Like all advice-givers and consultants, I once encouraged my clients to start with a singular focus.
I preached that MixingMetaphors amounted to a death wish for most endeavors because they produced stories of little use for focus or regulation. This advice was well-intended but probably poisonous, for what human endeavor ever achieves such focus? While undoubtedly true that should an effort somehow achieve this clarity, many of its more troublesome externalities might disappear. Absent ambiguity, interpretation becomes easy, but without ambiguity, something essential might also go missing. The MixedMetaphor might be the one universal constant between almost all human endeavors. Not an enemy of civilization but its inevitable companion.

So mine was great advice but Utopian. It might have been better advice had it been humanly possible to achieve, but us outside experts were paid to gloss over complications rather than amplify them. Our utterances were supposed to simplify and thereby bouy confidence and enthusiasm. MixingMetaphors when giving advice severely complicates the commercial transaction, for they spark questions. The suggestions might well create unwanted confusion, for the primary form of outside advice has, for generations and by international agreement, been served in the form of All Ya Gotta Do. If the implementation doesn't seem straightforward, more will find it convenient to ignore the advice. Notwithstanding that much of this advice would have been much better forgotten than followed, the hapless advice givers and consultants—me included—would have been rendered unemployable had our clients ignored our "great" advice.

I am my own consultant and advice-giver now. I spout the usual gibberish in the form of self-talk as I work my way through assembling my manuscript. I notice when something does not seem "shit simple," an old metric leftover from my tenure in Silicon Valley. The techies there were hungry for good advice.

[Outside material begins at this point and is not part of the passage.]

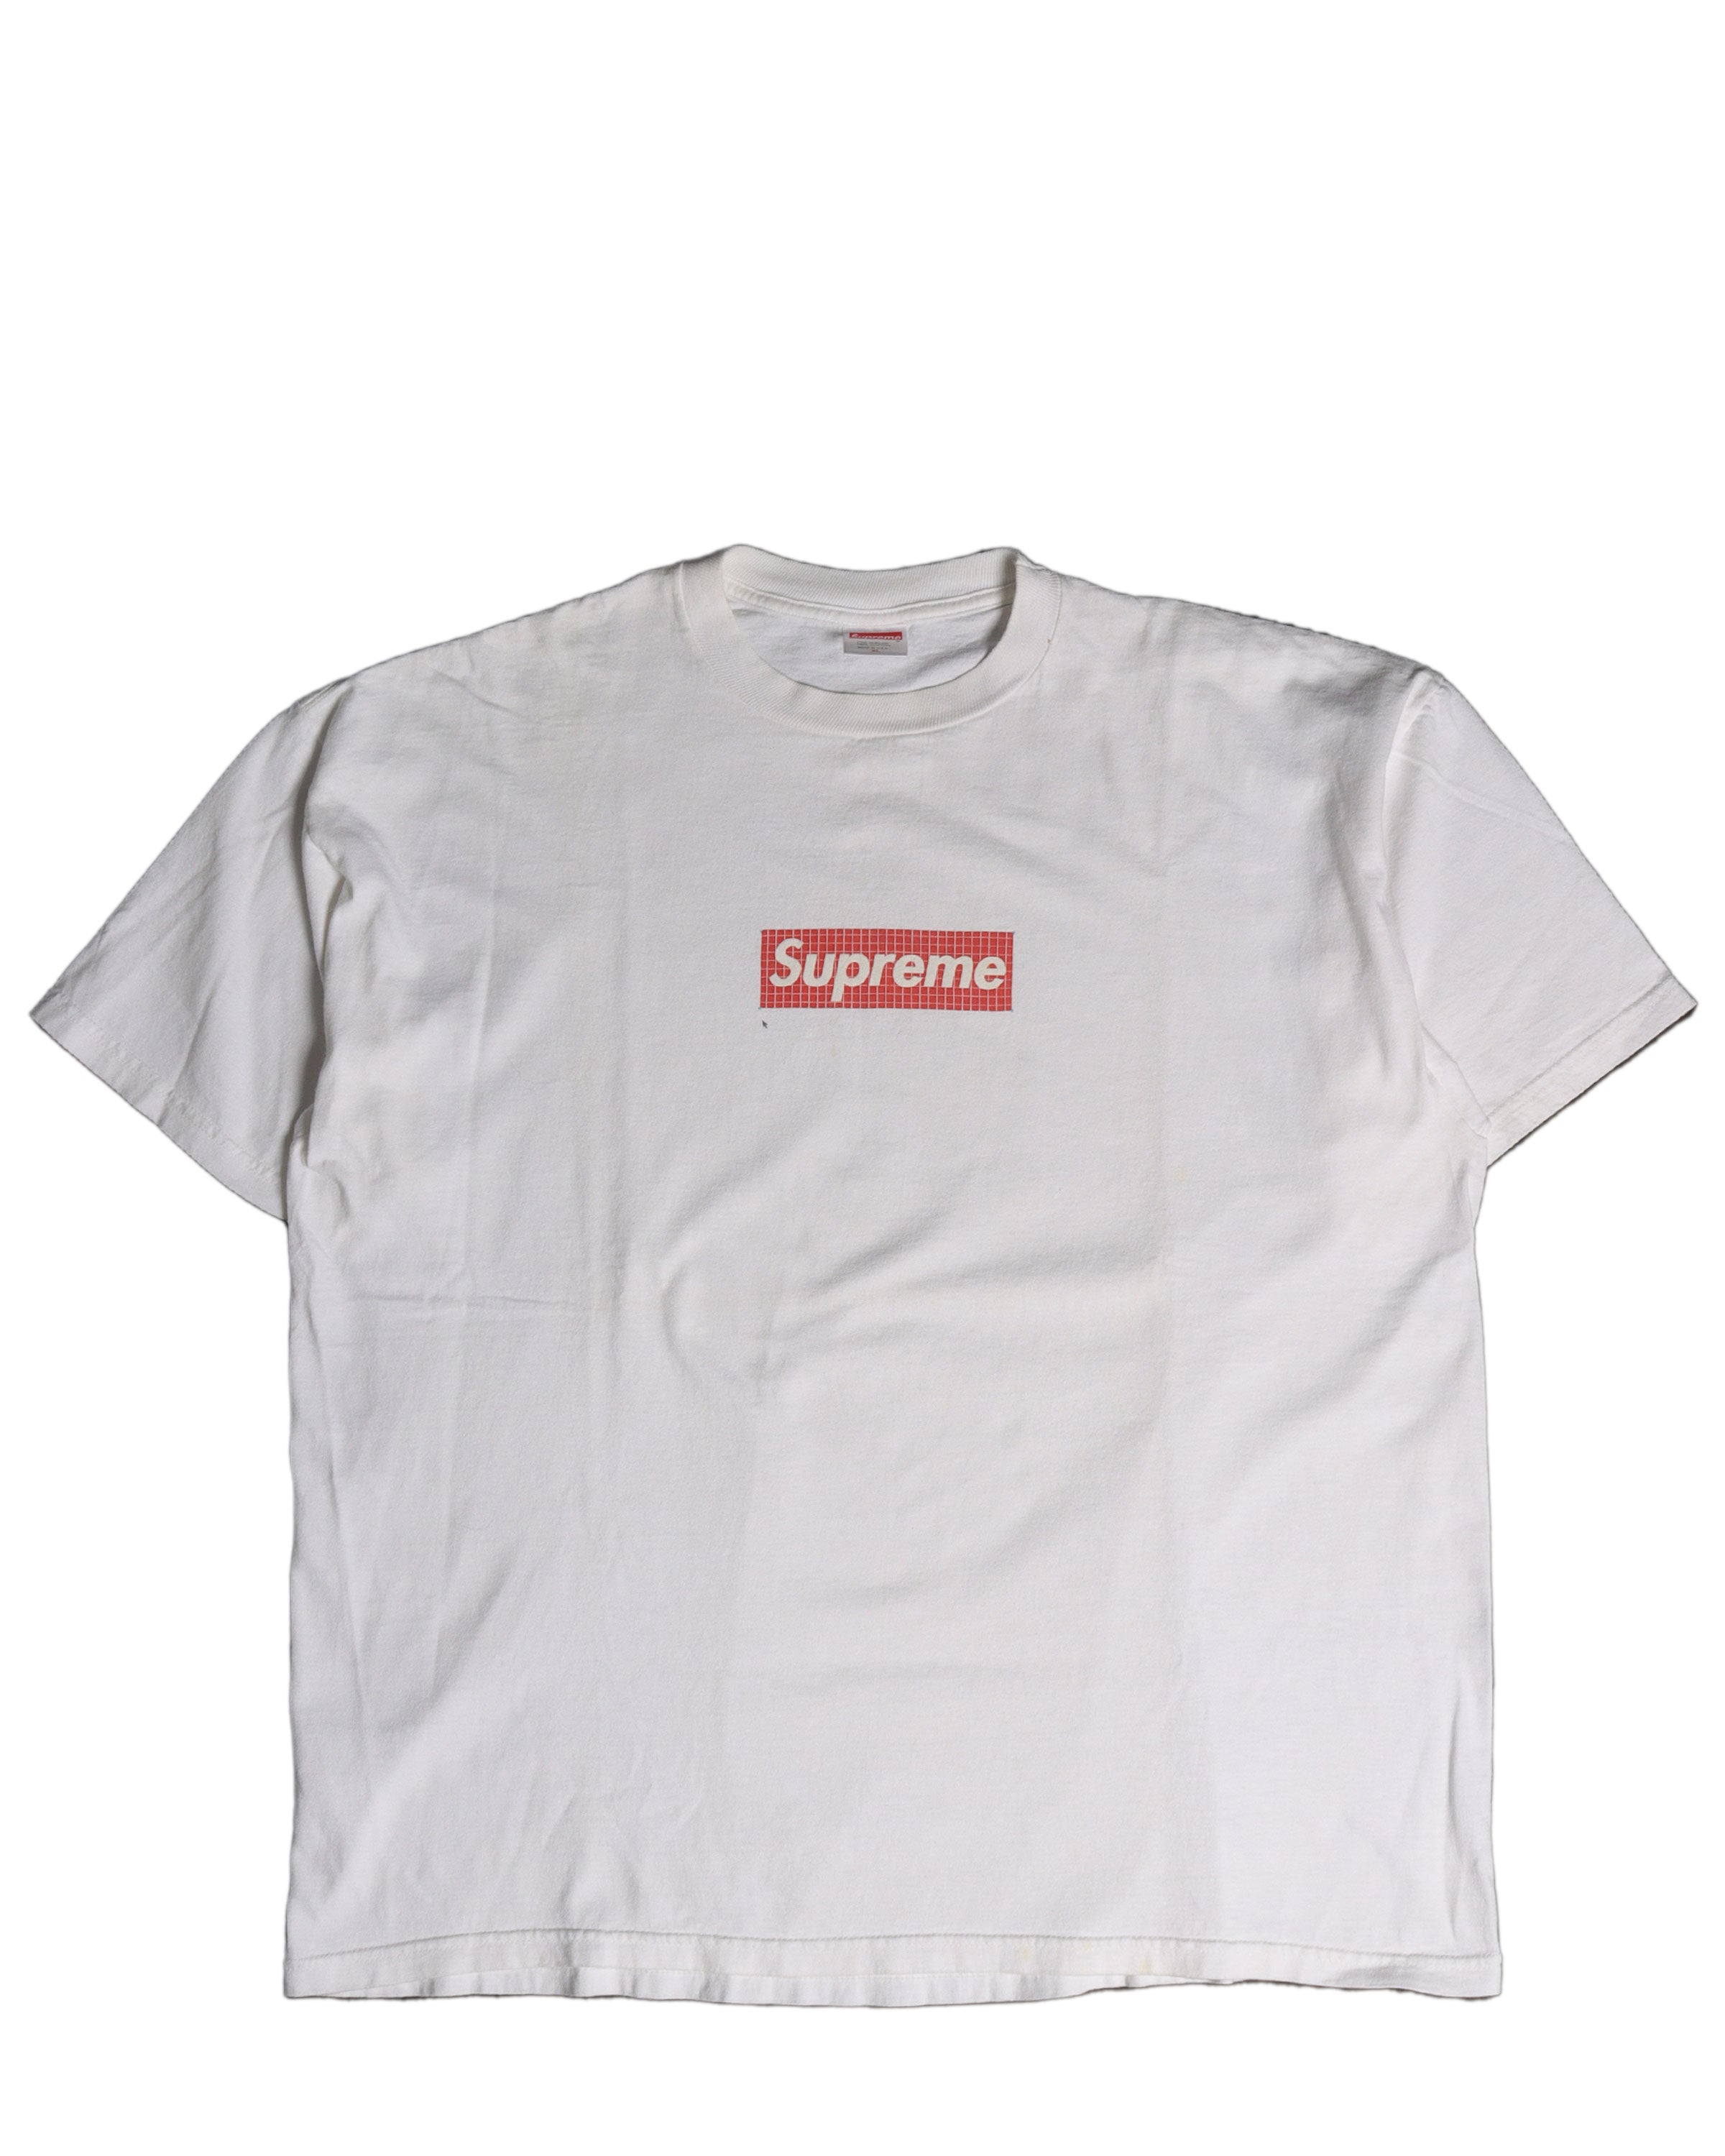 Supreme Tokyo Store Grand Opening Exclusive Box-Logo T-Shirt (1998)
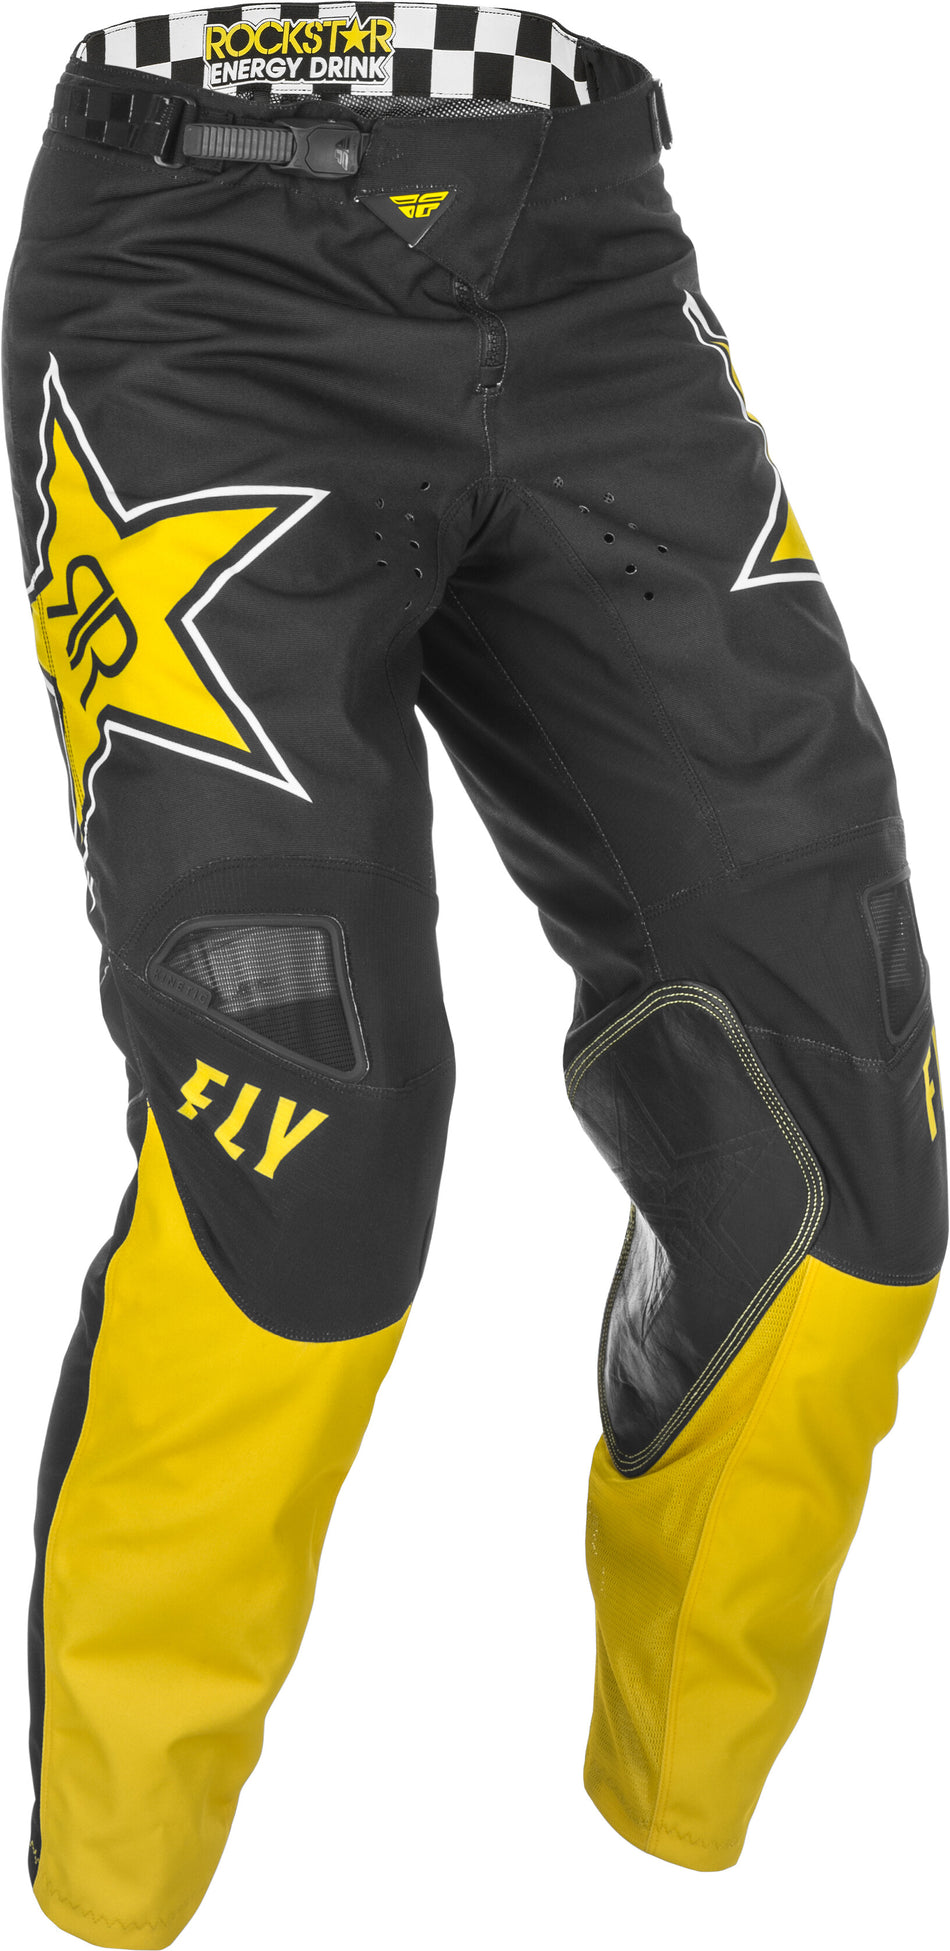 FLY RACING Kinetic Rockstar Pants Yellow/Black Sz 30 374-02330

They bought it in whatever flavor seemed most popular that month, and they mostly attended workshops for entertainment and diversion, for many of them were successful regardless of whatever they did. They might waste ninety percent of their resources and still dominate their industry, such was the state of monopoly in that place and time. The most successful consultants worked for clients who didn't need their advice, ones who engaged their consultants out of boredom for diversion. They'd duly accept the advice and continue doing whatever they would have done without it; the fees lost in rounding on their income statement.

I question my own advice but still fall prey to it. I know better than anyone how well-intended it's delivered. I sometimes forget just how poisonous it might prove. Yes, I deal almost exclusively in MixingMetaphors. The subject of my manuscript does, indeed, ultimately seem questionable because not even its author can crisply recall its contents. But then I imagine how it might be instead if I was capable of holding the contents in my head, of crisply recalling every story and phrase, and I wonder what my manuscript's purpose might be then, if not as a medium for storage, the result of my MixingMetaphors. So beware of good advice and even warier of better.